■ **What to work on**: In the copy, every line of the material that follows must appear exactly, and no pictures should.

-=-=-

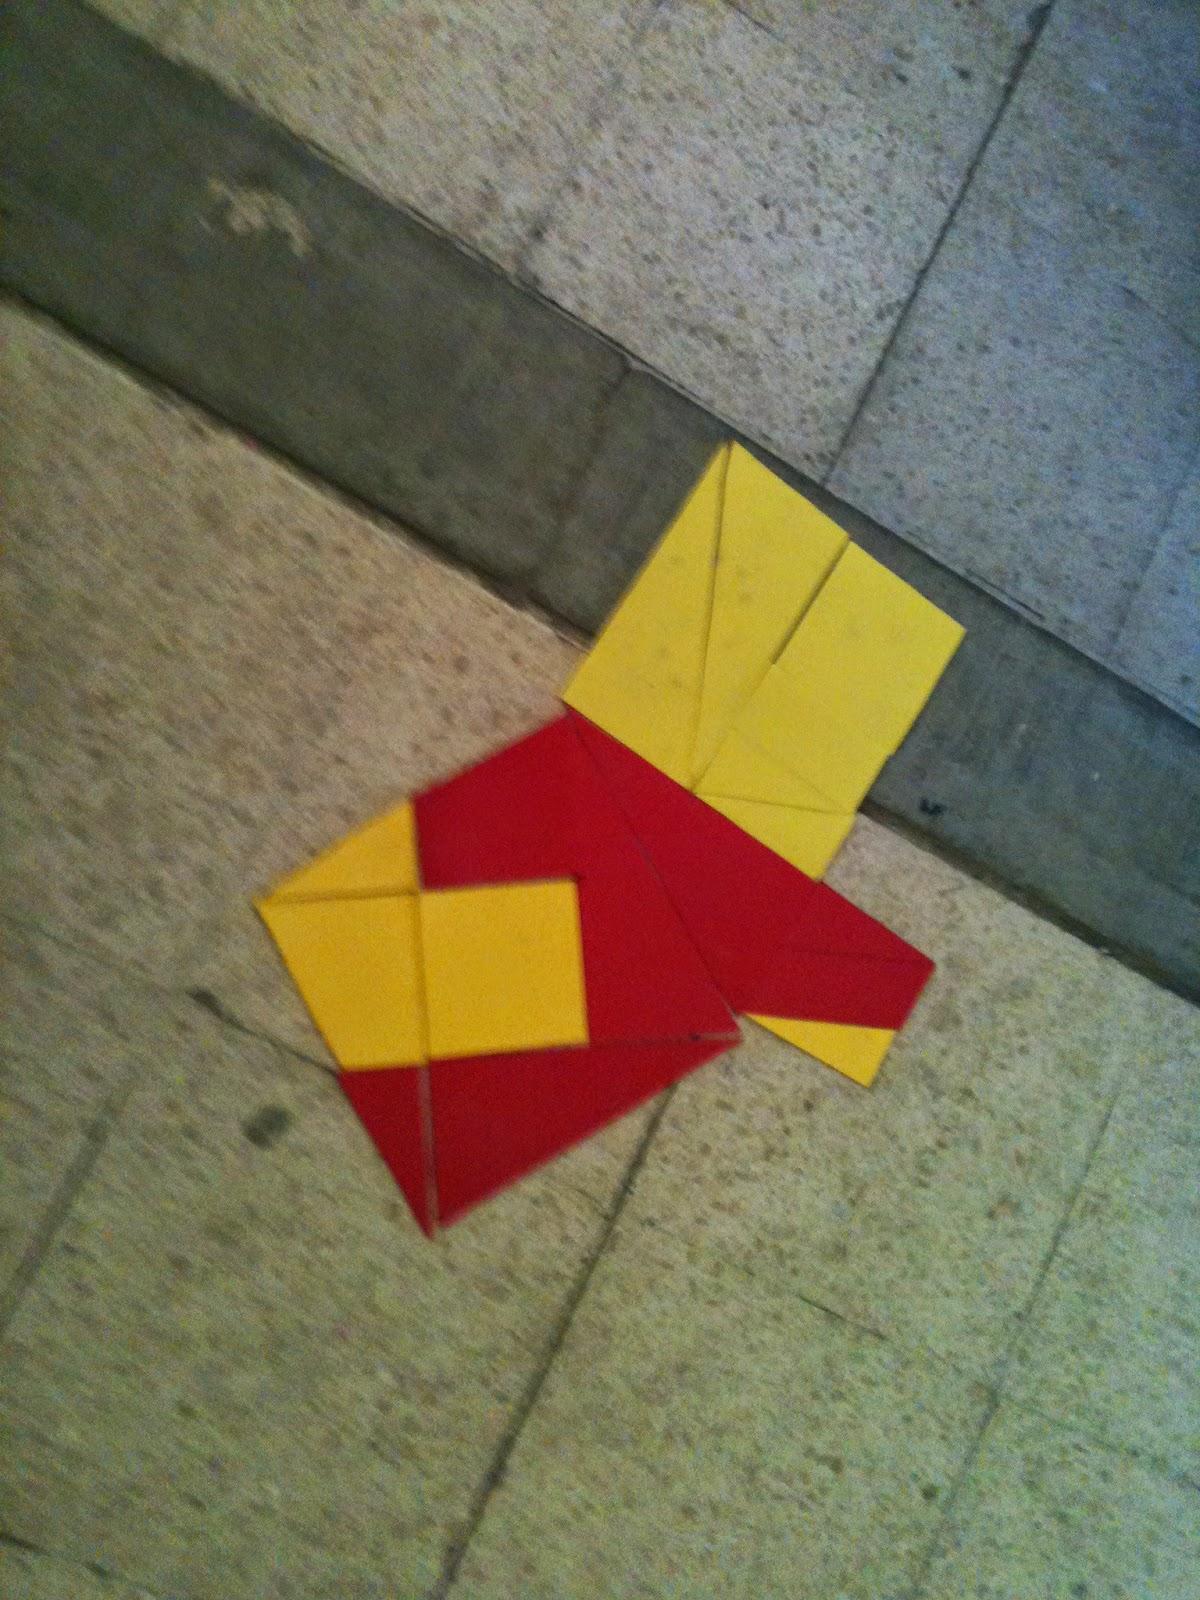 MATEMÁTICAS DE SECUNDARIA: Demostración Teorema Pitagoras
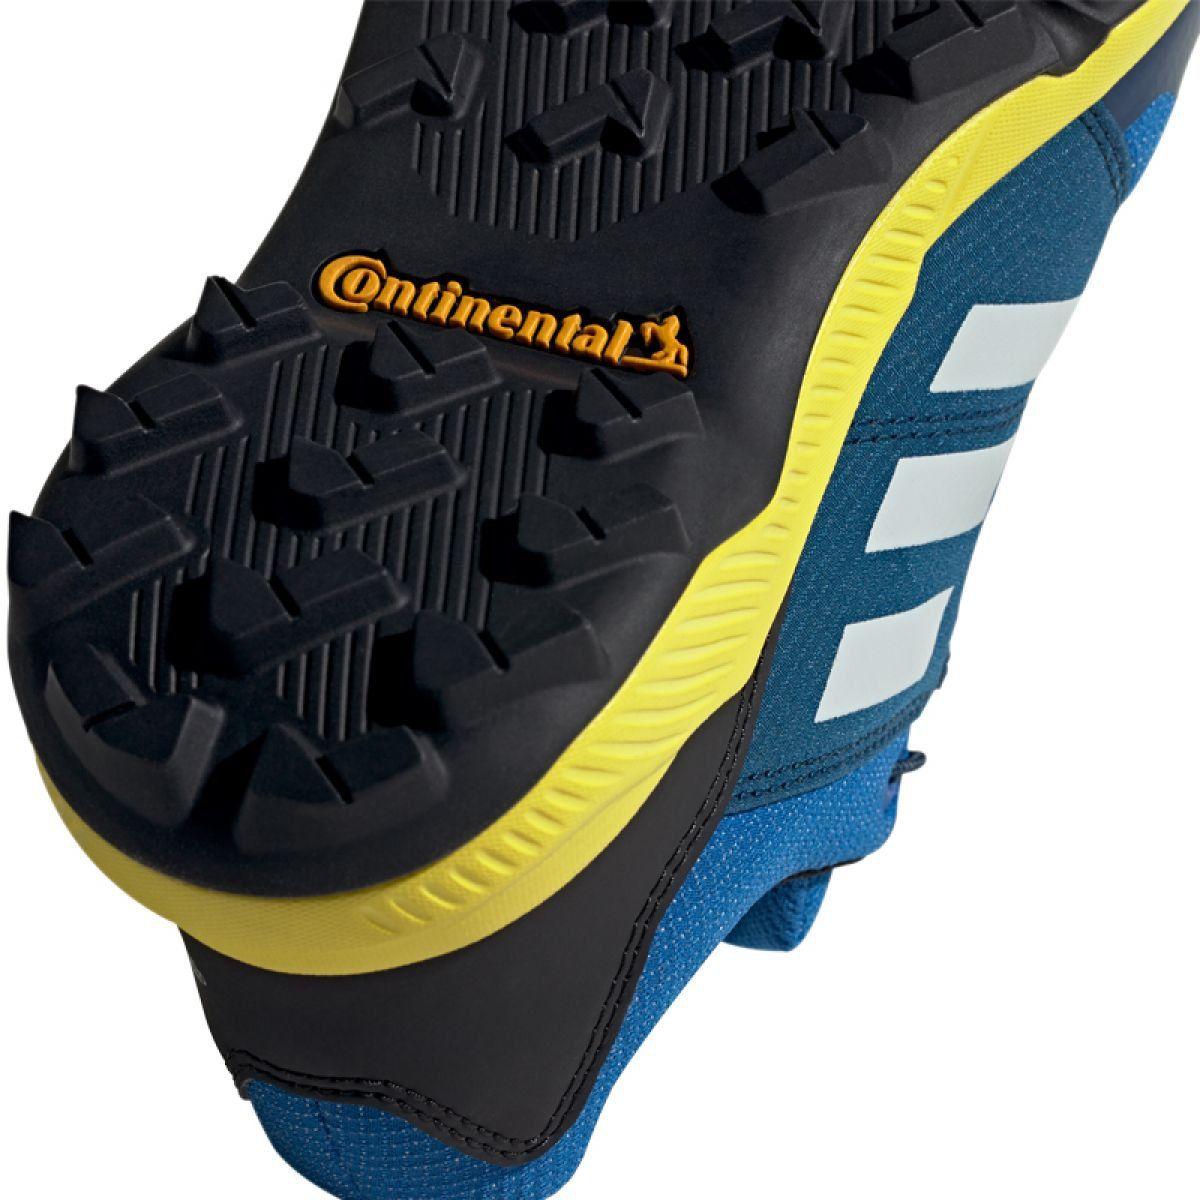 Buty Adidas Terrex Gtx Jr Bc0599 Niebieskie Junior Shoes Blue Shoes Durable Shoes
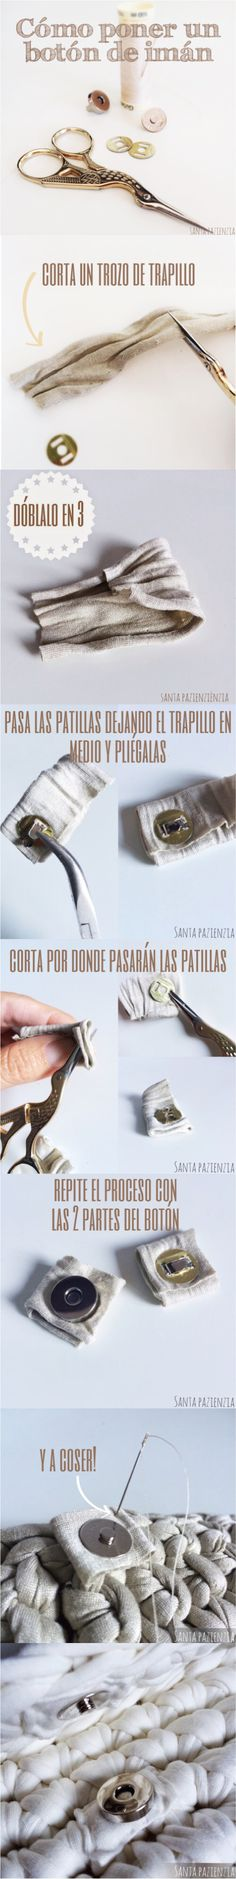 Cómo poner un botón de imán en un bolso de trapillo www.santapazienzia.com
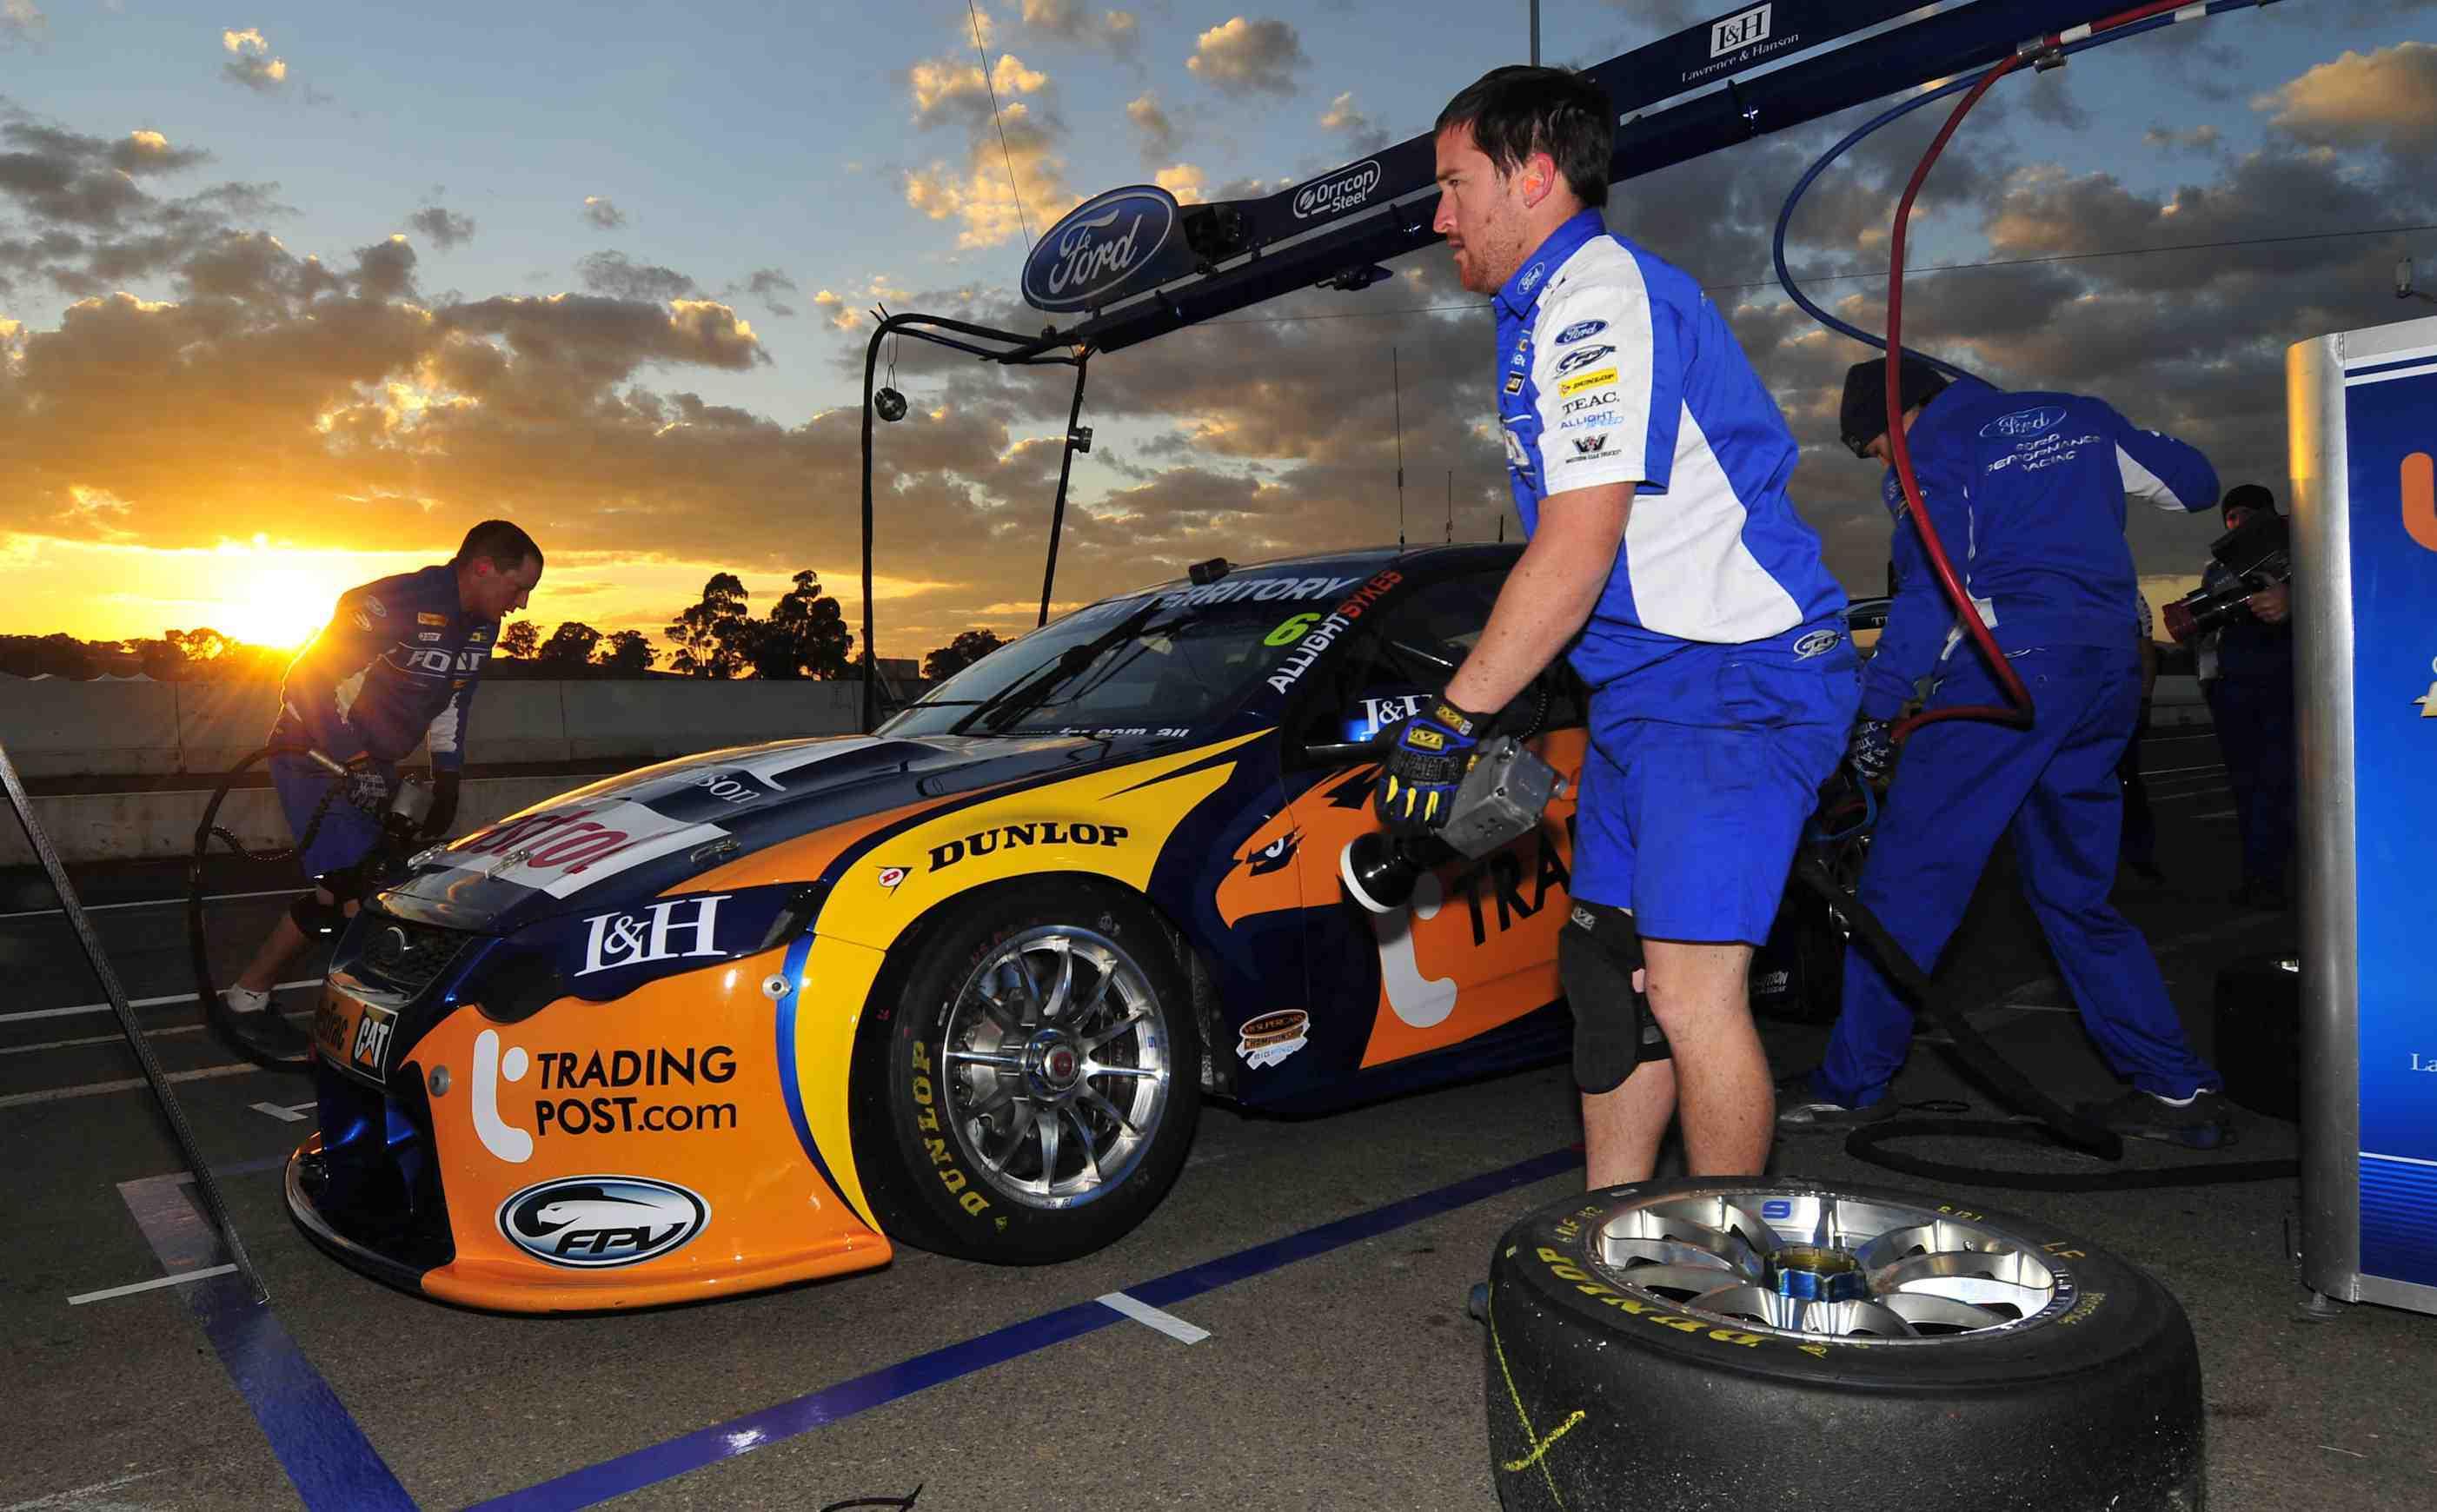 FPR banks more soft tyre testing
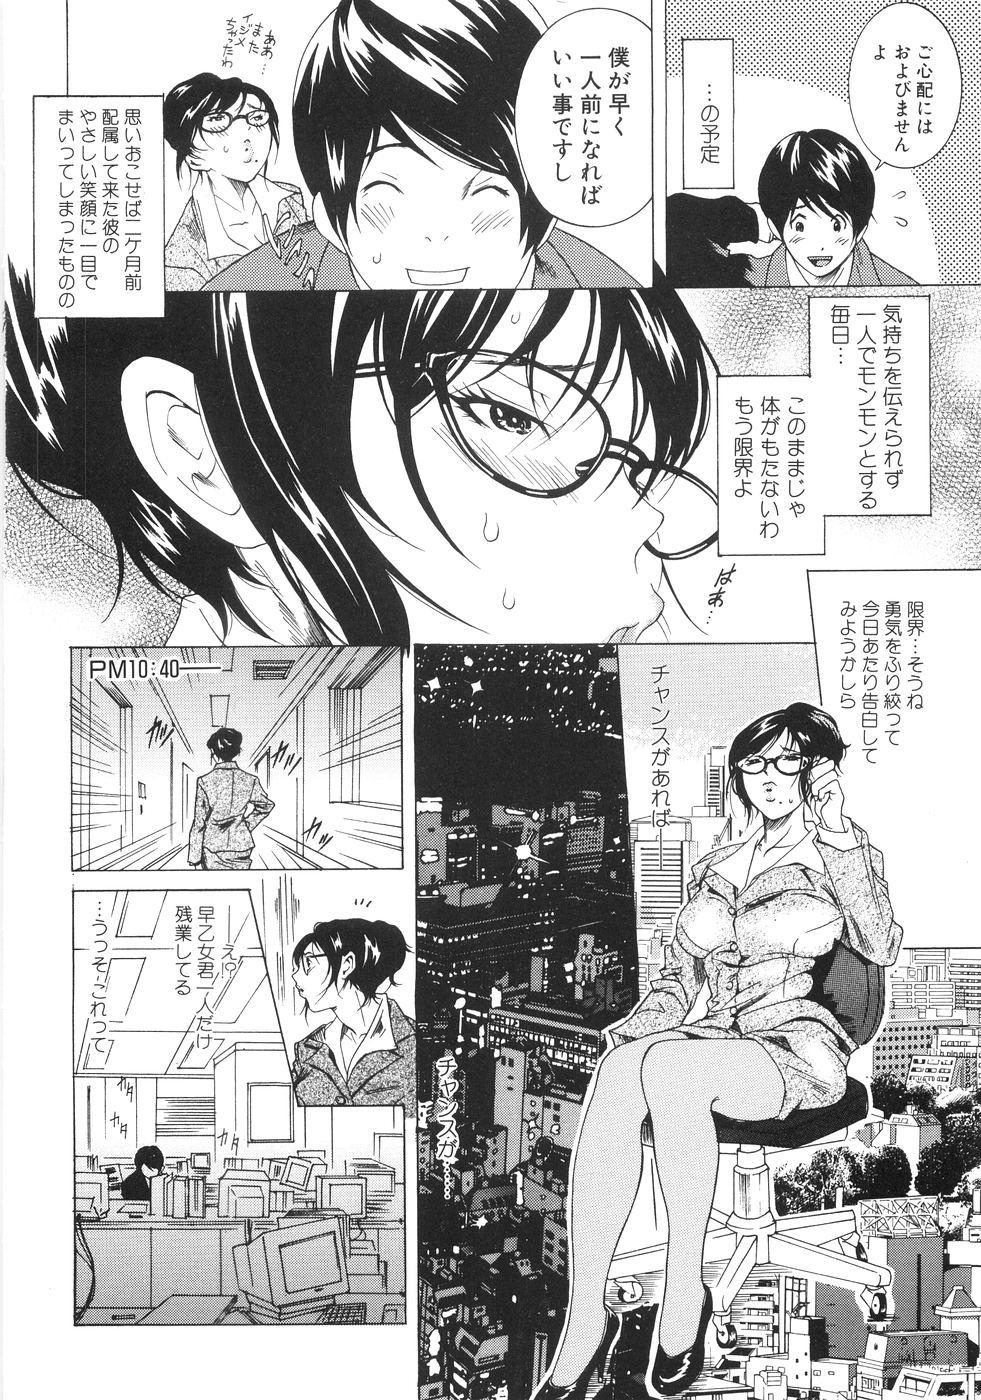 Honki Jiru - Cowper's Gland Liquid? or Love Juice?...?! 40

-=-=-

■ **Reply to the task**:
 MATEMÁTICAS DE SECUNDARIA: Demostración Teorema Pitagoras
 Buty Adidas Terrex Gtx Jr Bc0599 Niebieskie Junior Shoes Blue Shoes Durable Shoes
 Cómo poner un botón de imán en un bolso de trapillo www.santapazienzia.com
 FPR banks more soft tyre testing
 Honki Jiru - Cowper's Gland Liquid? or Love Juice?...?! 40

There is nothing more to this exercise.